== Recorded information ==
• • • • • • •
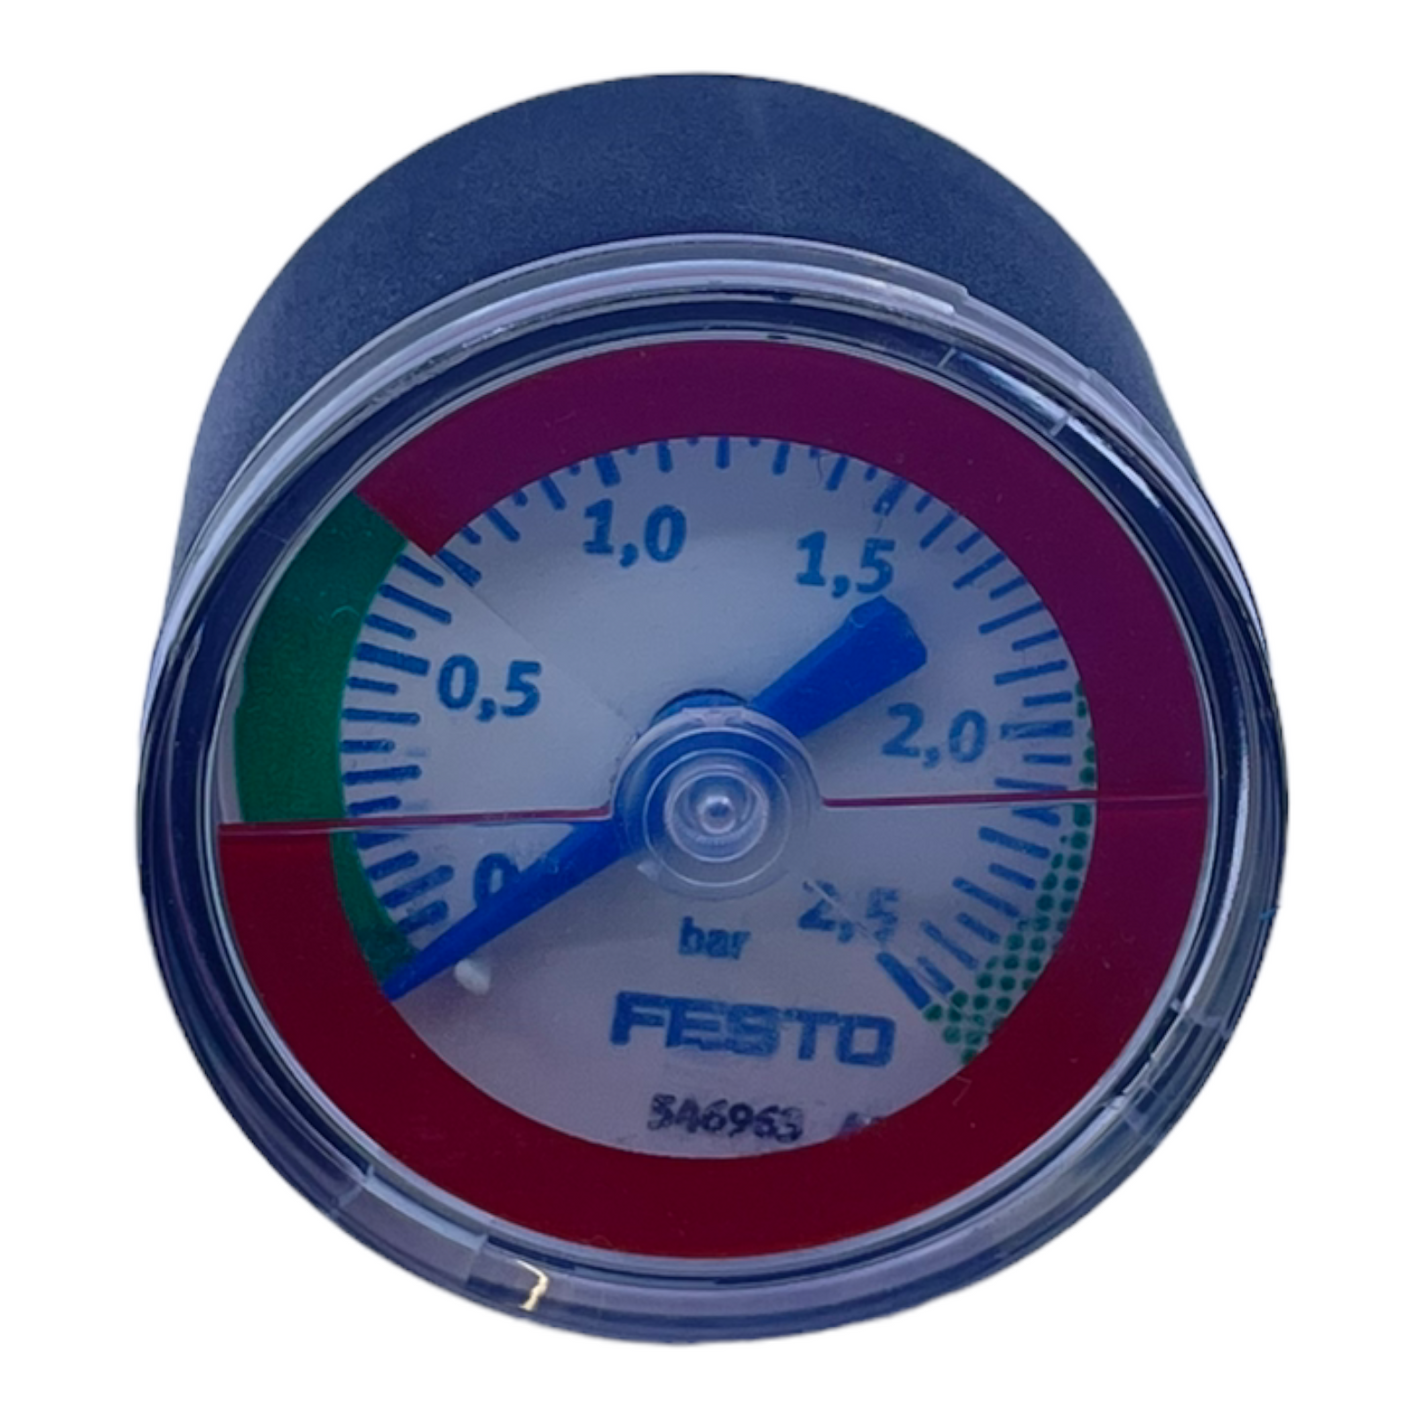 Festo MA-40-2,5-R1/8-E-RG pressure gauge 546963 for industrial use
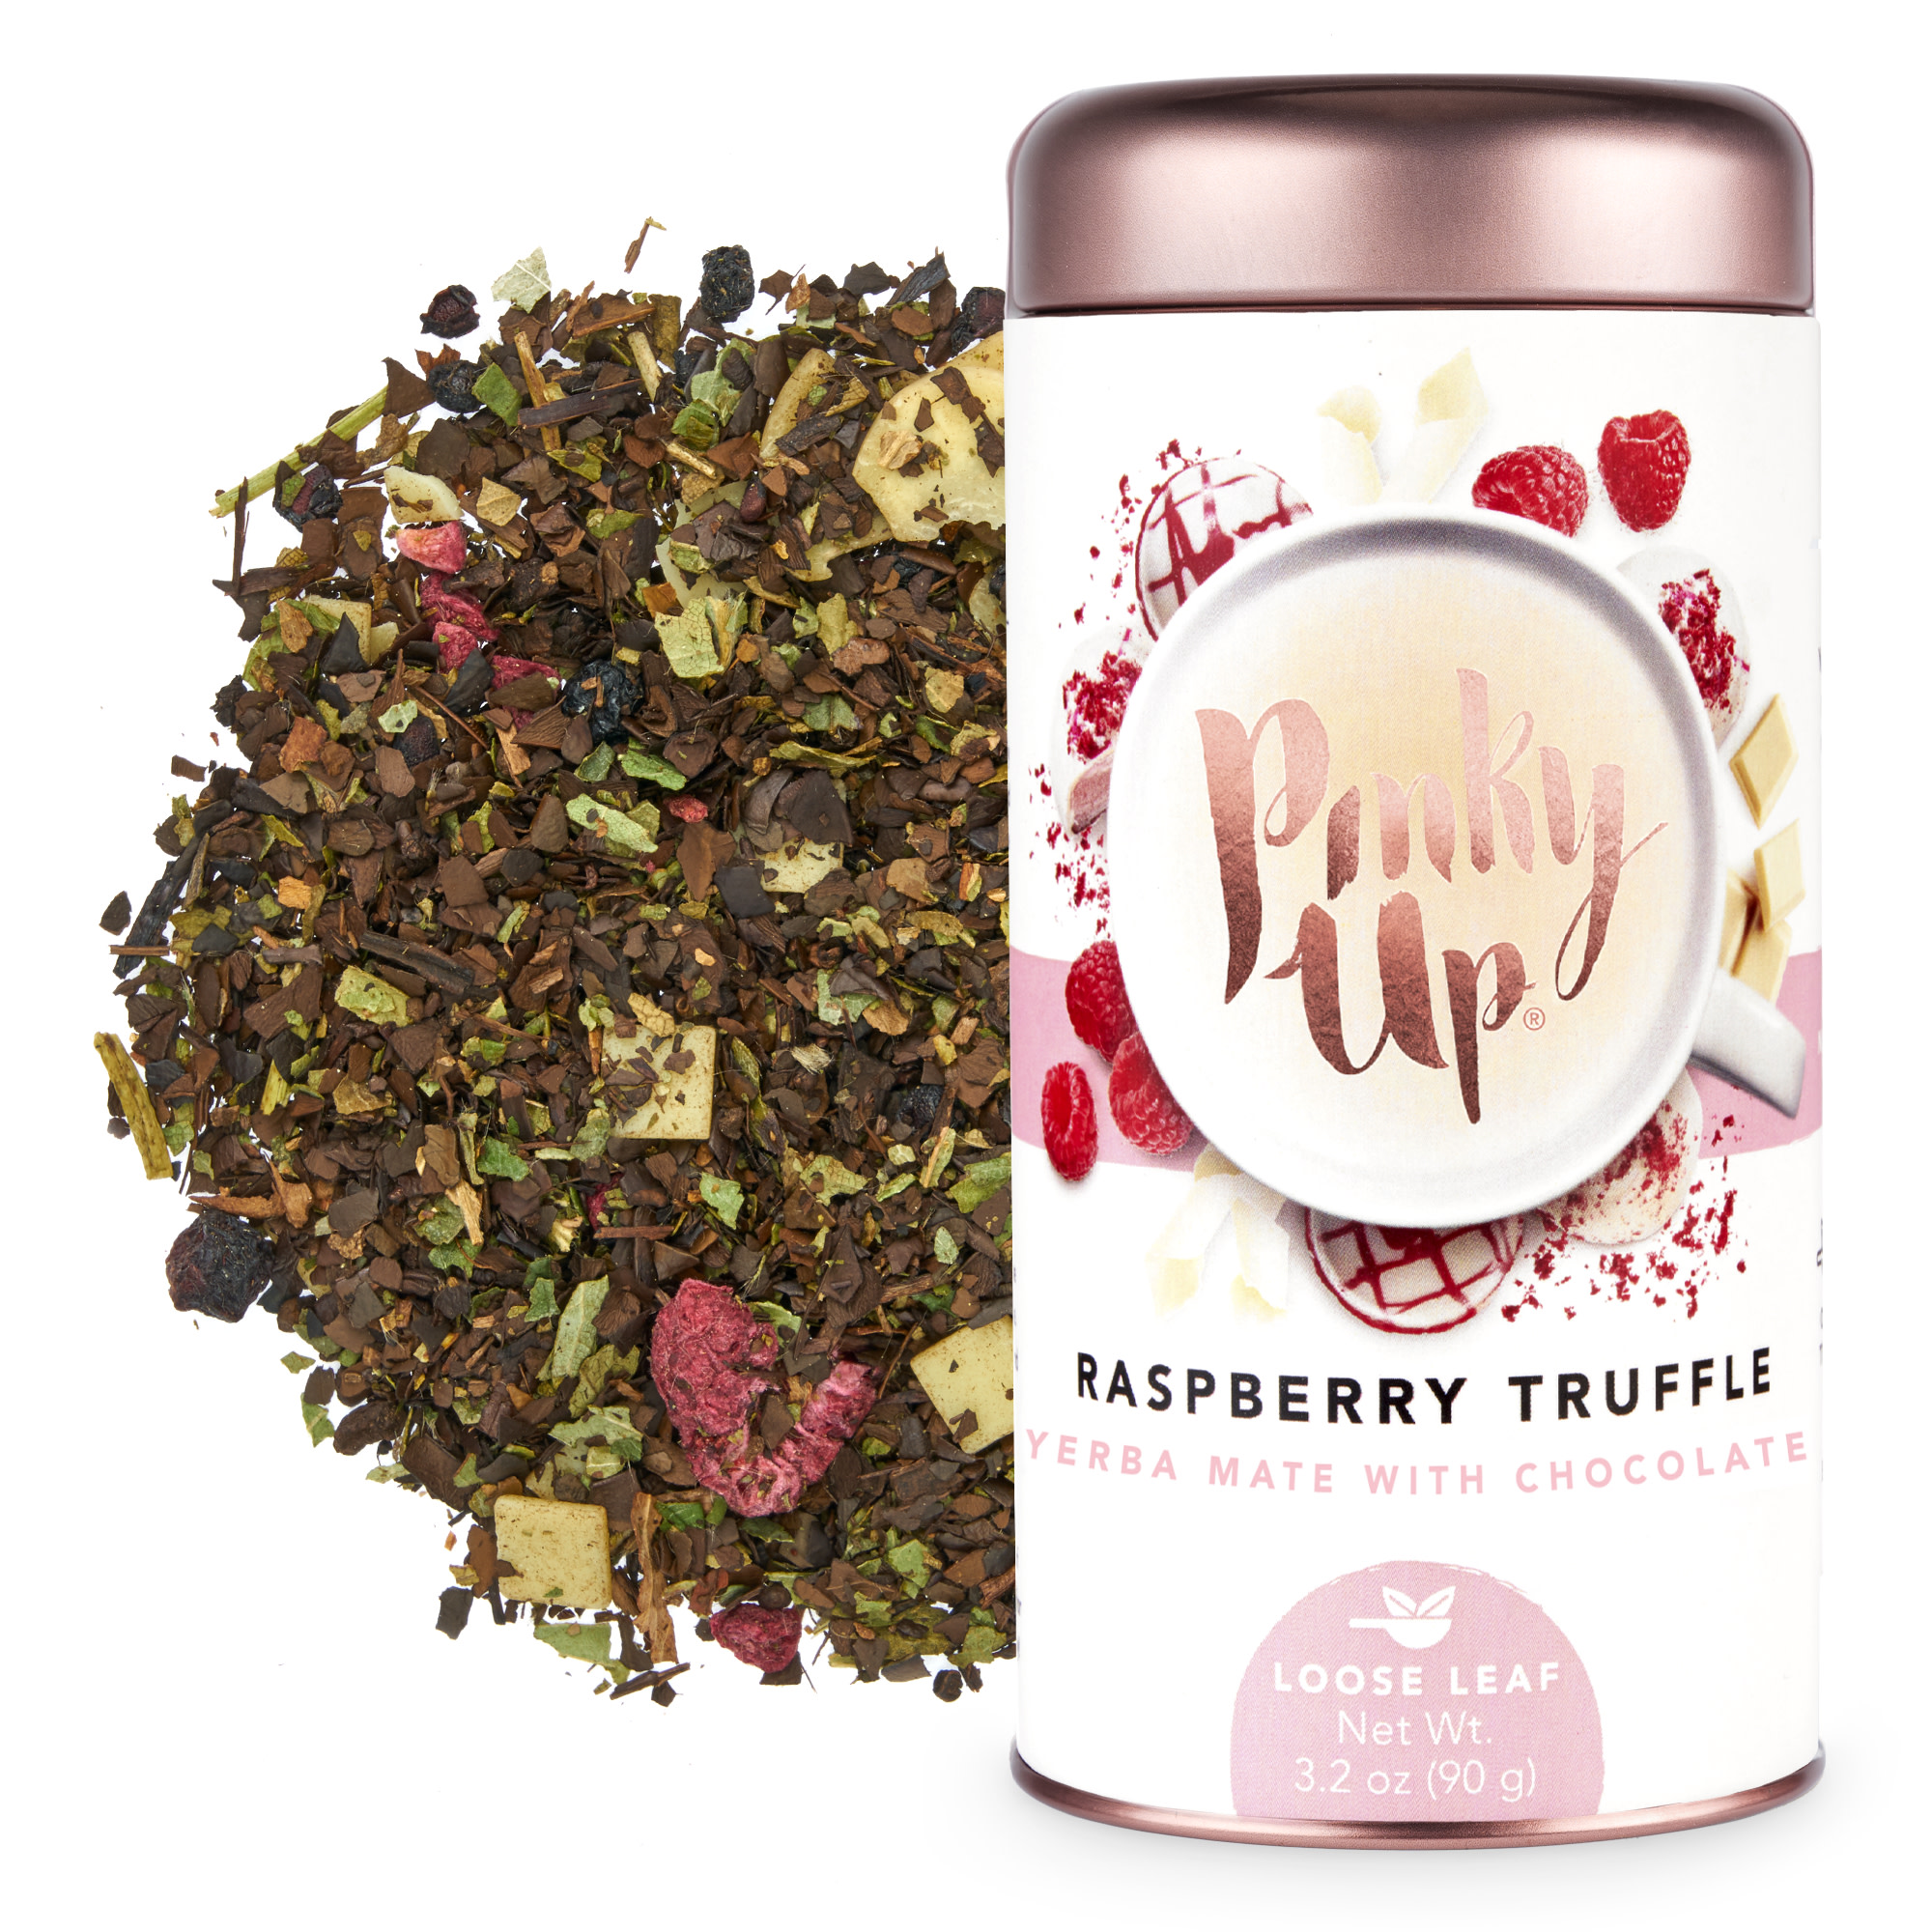 Pinky Up Raspberry Truffle Loose Leaf Tea
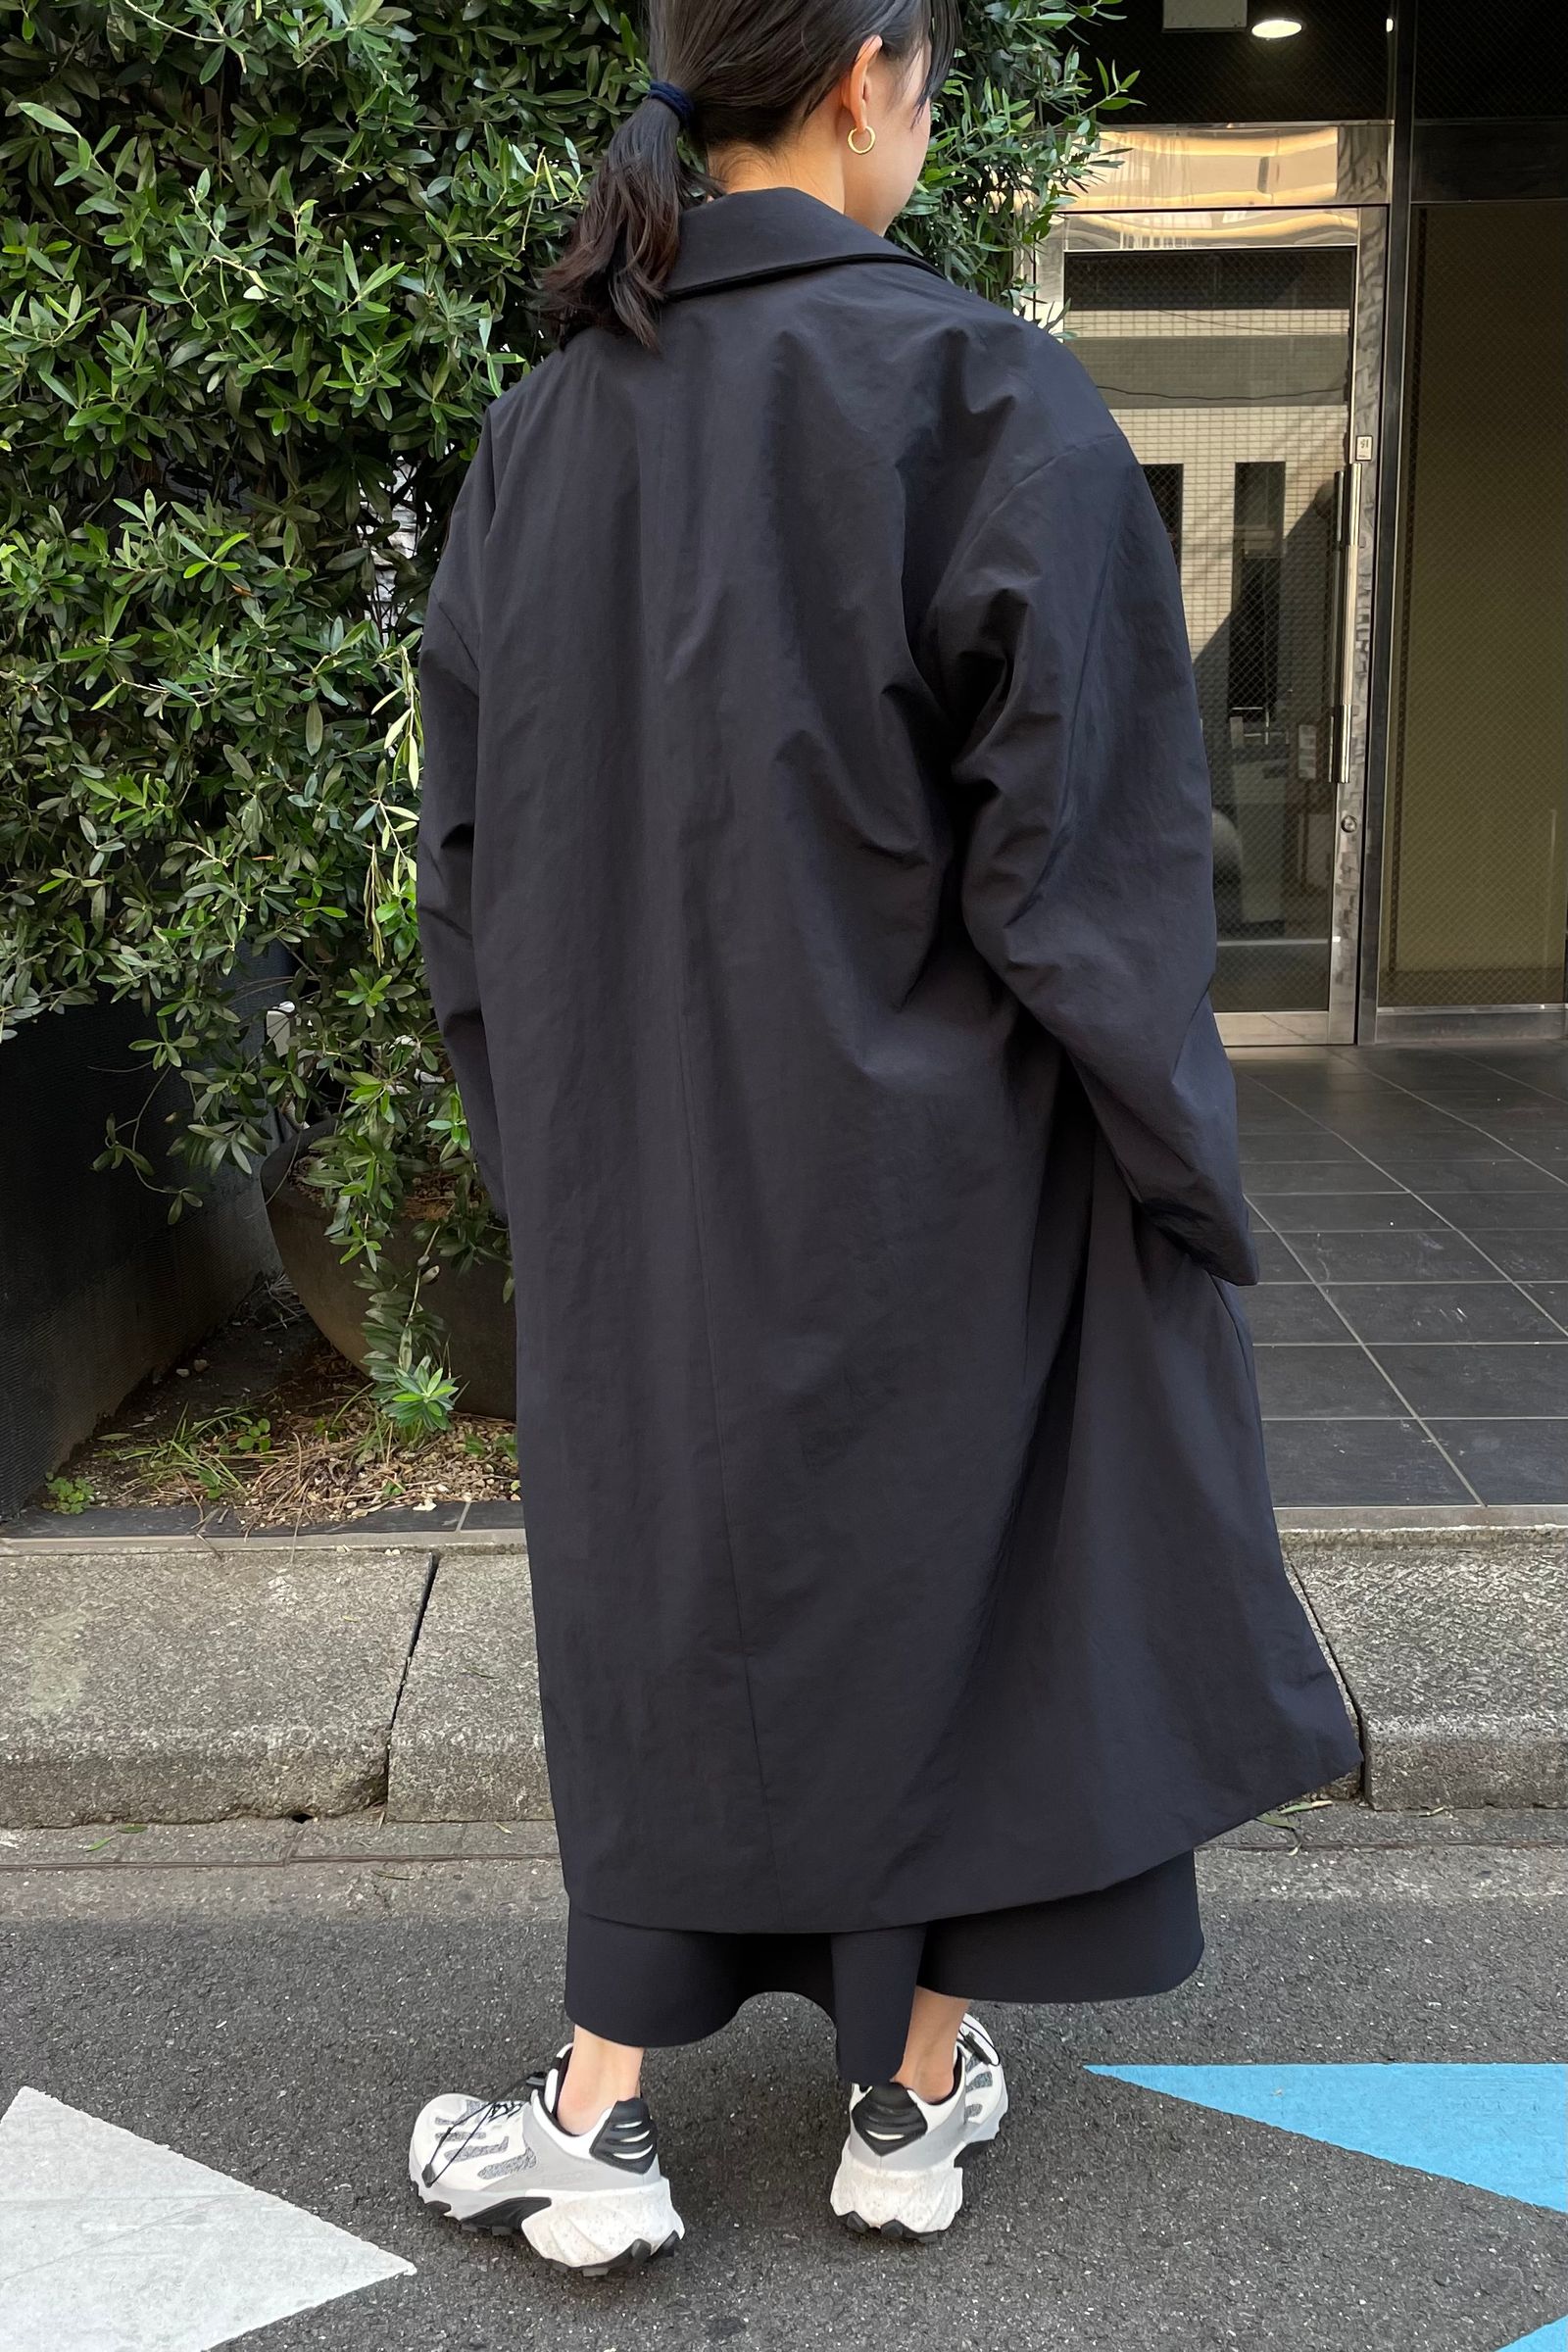 ATON Asako Nylon Hooded Coat - モッズコート
• • • • • • •
== Task requirements ==
Could you print the listing above word for word, without its pictures?

== Completed task ==
 Festo MA-40-2,5-R1/8-E-RG pressure gauge 546963 for industrial use
 Pinky Up Raspberry Truffle Loose Leaf Tea
 ATON Asako Nylon Hooded Coat - モッズコート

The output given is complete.